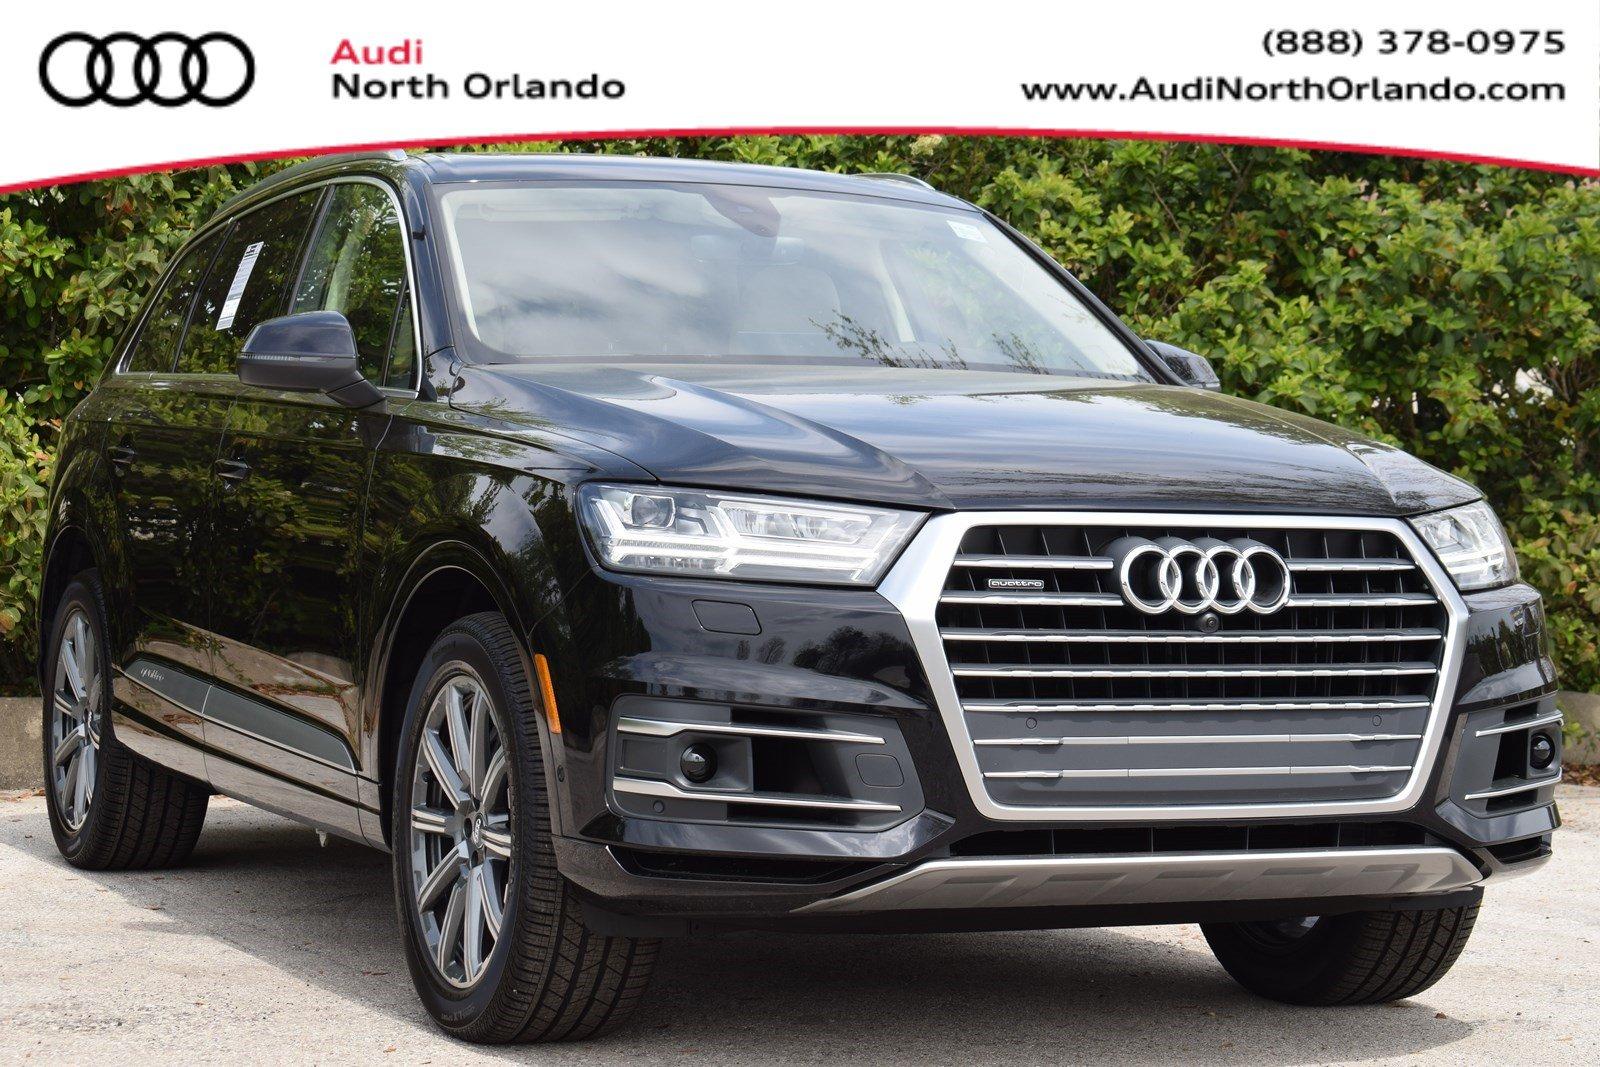 Featured new 2019 Audi Q7 3.0T Premium Plus SUV for sale in Sanford, FL, near Orlando, FL.
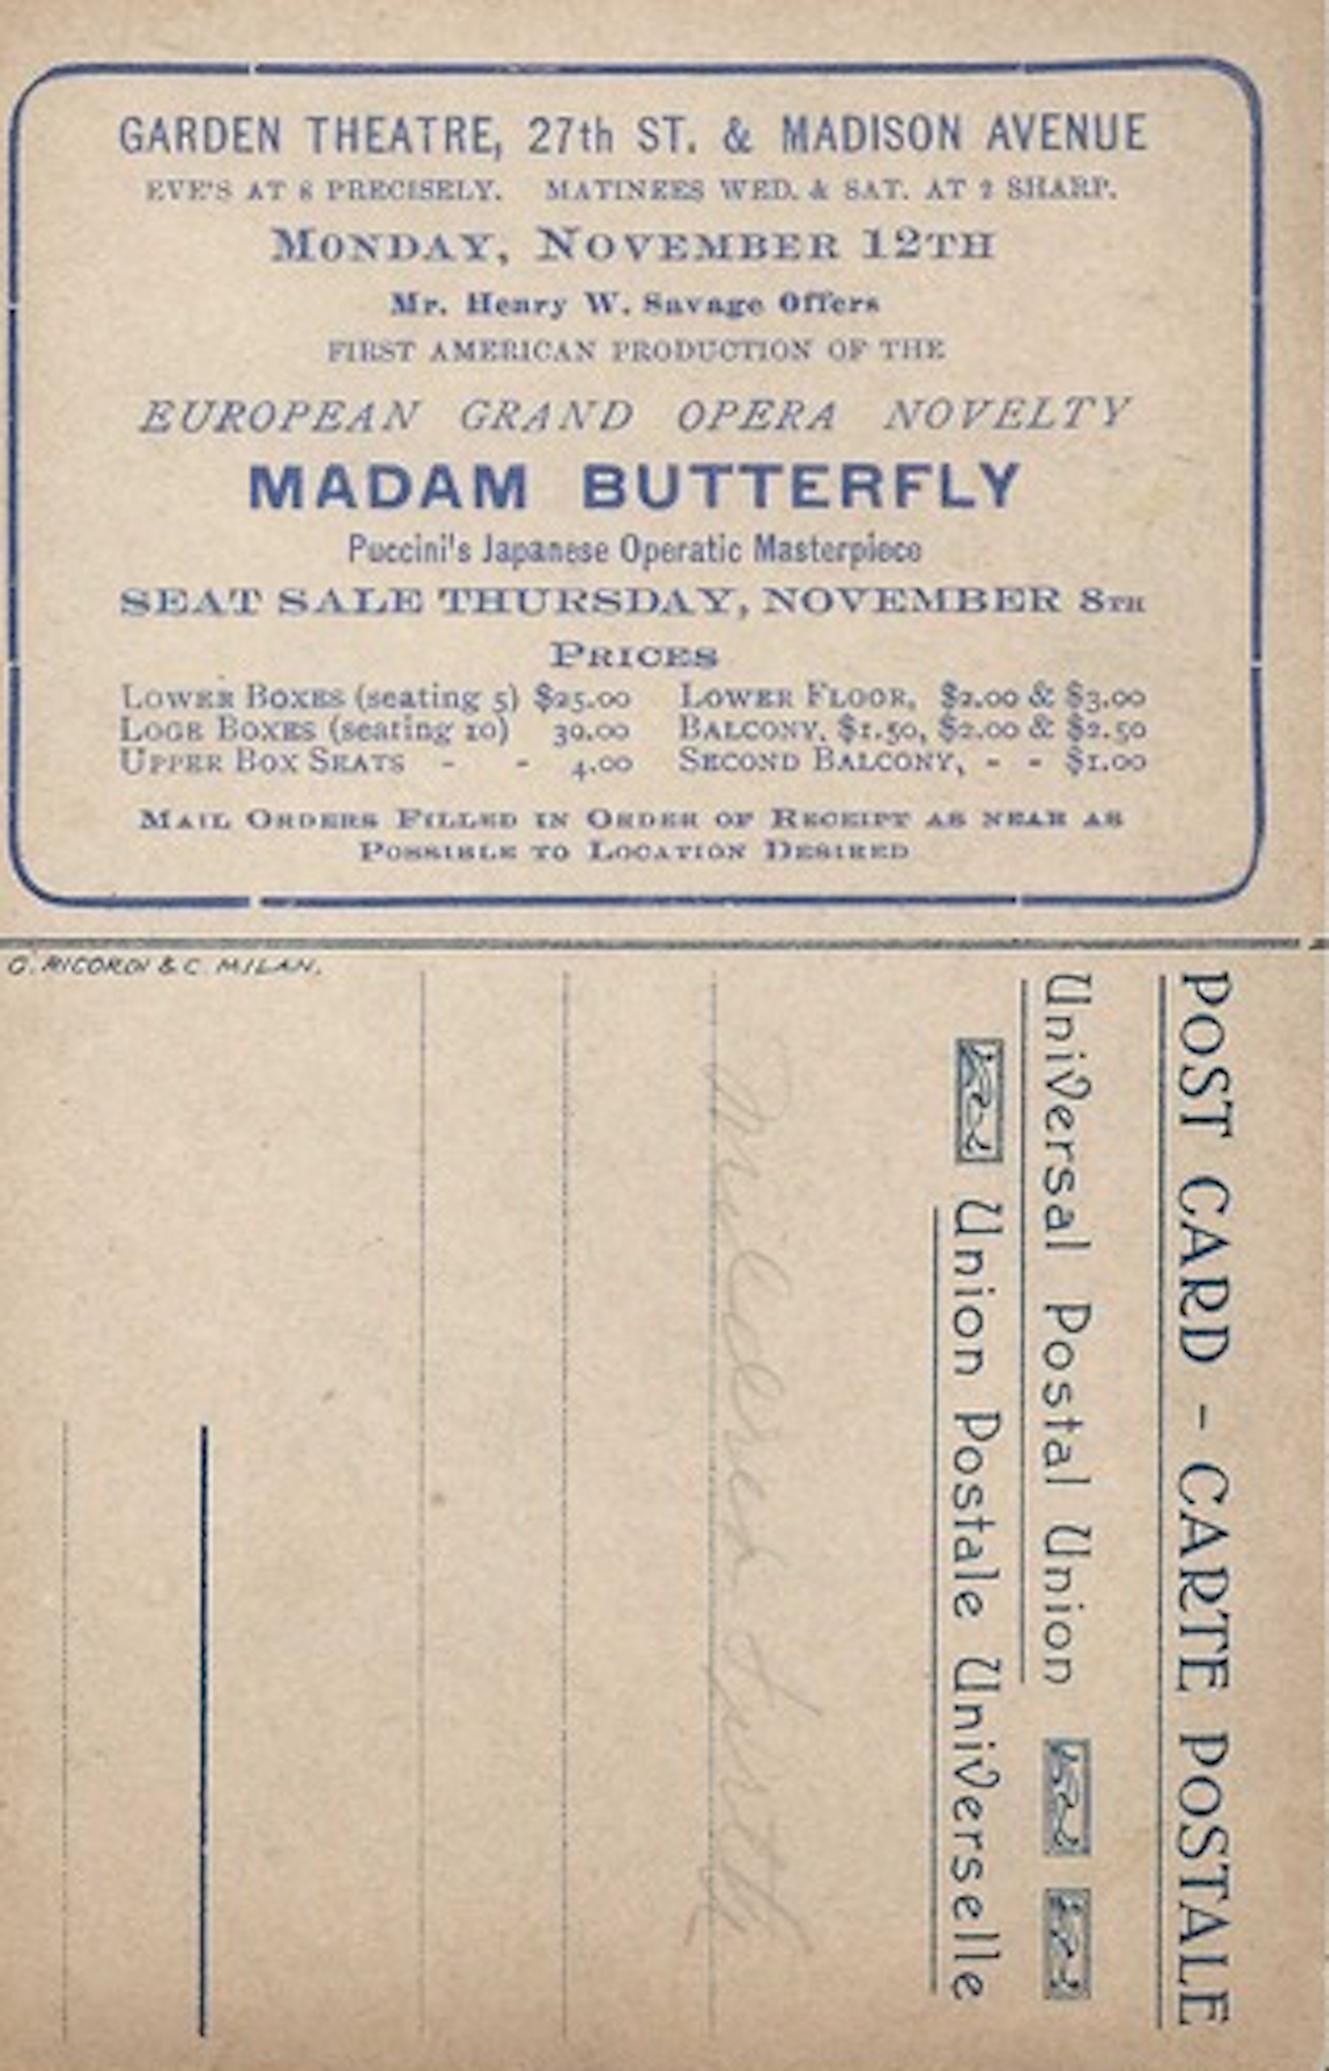 Фото: postcardhistory.net
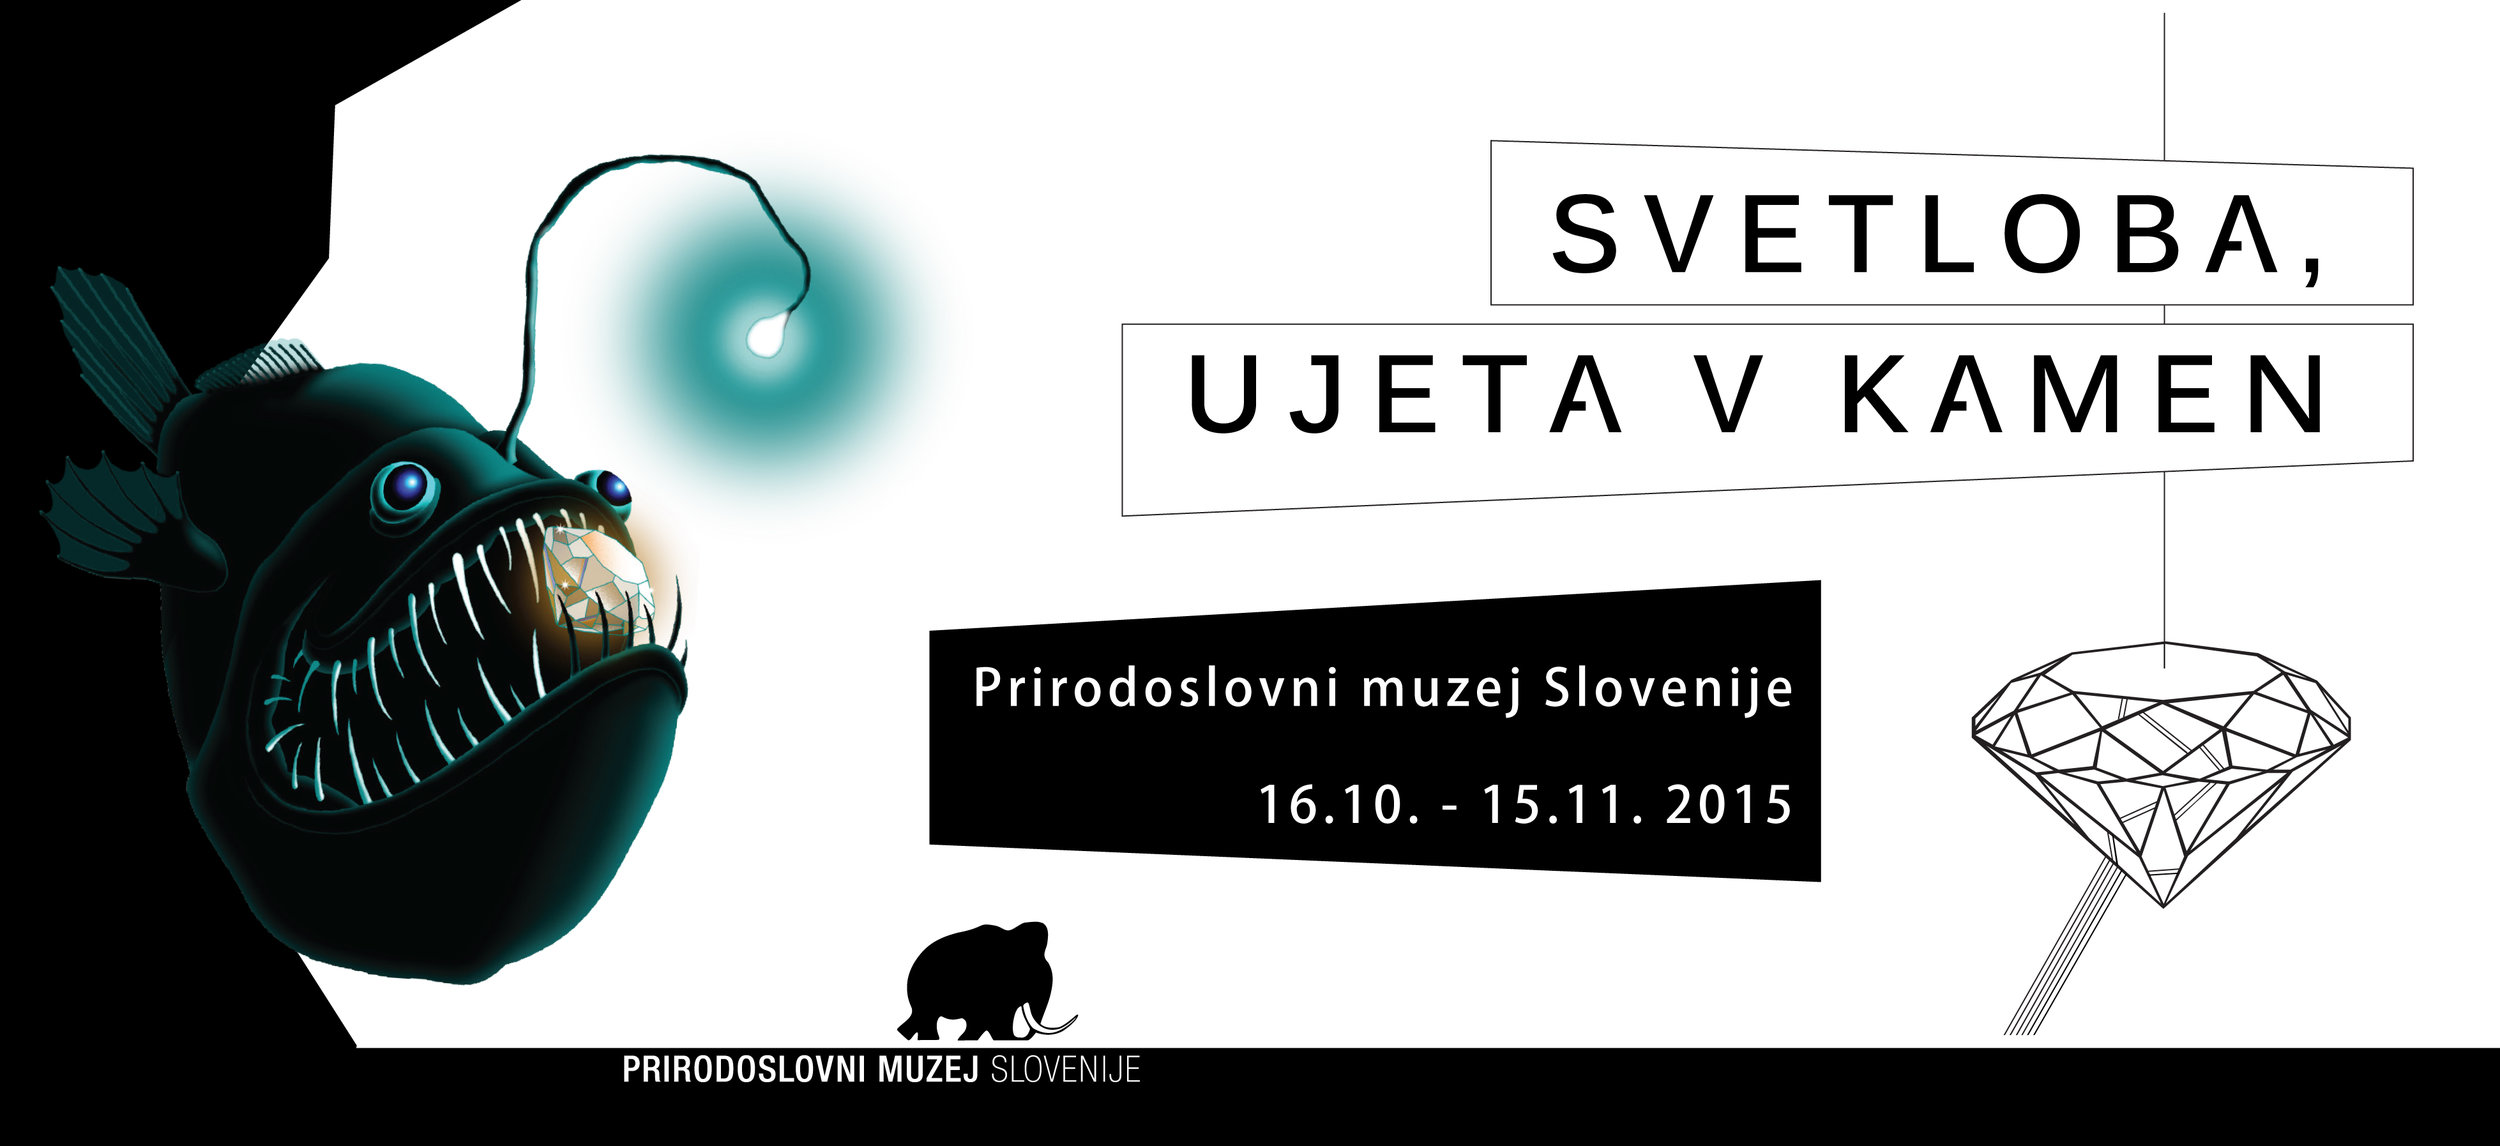 - GROUP EXHIBITION / SLOVENIAN MUSEUM OF NATIONAL HISTORYLJUBLJANA / SLOVENIA

○ ○ ○ ○ ○ ○ ○

## Problem requirements:
Wherever a picture appears in the material above, skip it and copy the rest without change.

## Result of this task:
 Featured new 2019 Audi Q7 3.0T Premium Plus SUV for sale in Sanford, FL, near Orlando, FL.
 Фото: postcardhistory.net
 - GROUP EXHIBITION / SLOVENIAN MUSEUM OF NATIONAL HISTORYLJUBLJANA / SLOVENIA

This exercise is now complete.